While the foregoing has described what are considered to be the best mode and/or other preferred embodiments of the invention, it is understood that various modifications may be made therein and that the invention may be implemented in various forms and embodiments, and that it may be applied in numerous applications, only some of which have been described herein. It is intended by the following claims to claim any and all modifications and variations that fall within the true scope of the inventive concepts. For example, embodiments and/or implementations of the invention may include a weighted pricing and/or object bidding feature. Such a feature supports paid advertising that may be included as part of and/or incorporated into a video.

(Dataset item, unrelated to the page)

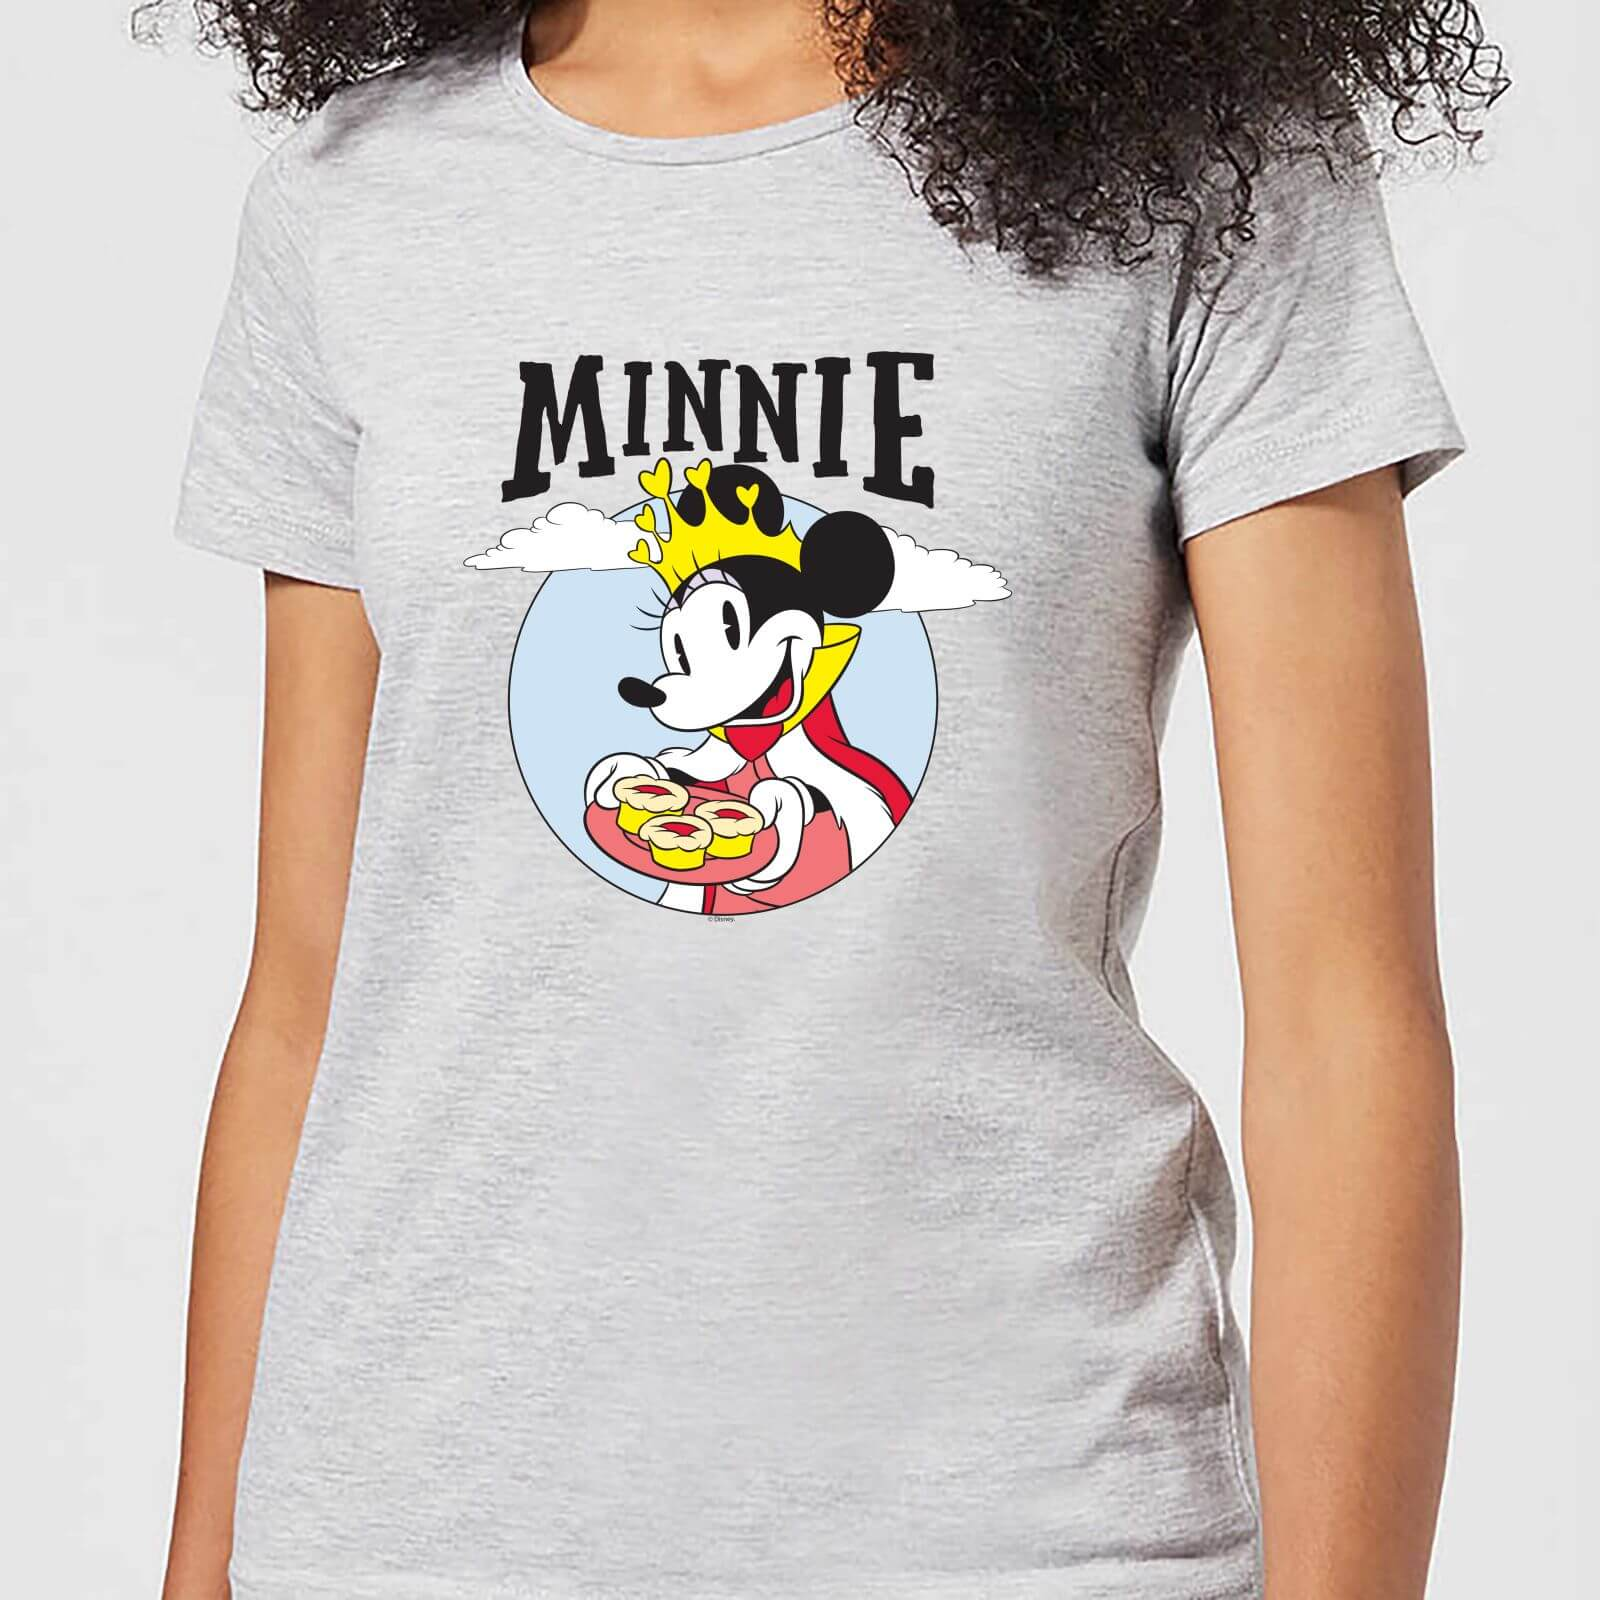 Disney Disney Mickey Mouse Queen Minnie Women's T-Shirt - Grey - 3XL - Grey

Currently most advertisers pay the same amount to all consumers coming via paid ads (CPC) from the same property. There are some variations of methods, which take into account the qualification of a user based on previous activities on the property and other demographic/geographic elements. For example if a user is found to have searched more times for the same term he/she will be considered more qualified (e.g., interested in a corresponding product or service) and therefore advertisers will be willing to pay more for that specific link. Existing application of this method are quite limited. For example, advertisers may be limited to textual campaigns, i.e. they can only bid using text terms.
A weighted pricing and object bidding feature may use the previously described weight based index system to capture and collect information about how important each term/element is in the content. This data can then be used to support a dynamic pricing mechanism for selling links and/or advertising to a customer (e.g., to the advertiser) based on the level of importance associated with the inquiry by the user (e.g., person initiating a search or inquiry). According to such a system, an advertiser may be able to bid different prices (for a specific term) for different relative weights of the term in the search query, where the assumption is that the higher the weight of the term in the query is, the more qualified the user is and the higher the CPC the advertiser is willing to pay. In addition, such a system and method may allow an advertiser to place a bid with an image/object. The advertiser is then able to upload an image of an item/object and place a bid for his advertisement to show up every time this item appears in a video, web page etc.
It should also be noted and understood that all publications, patents and patent applications mentioned in this specification are indicative of the level of skill in the art to which the invention pertains. All publications, patents and patent applications are herein incorporated by reference to the same extent as if each individual publication, patent or patent application was specifically and individually indicated to be incorporated by reference in its entirety.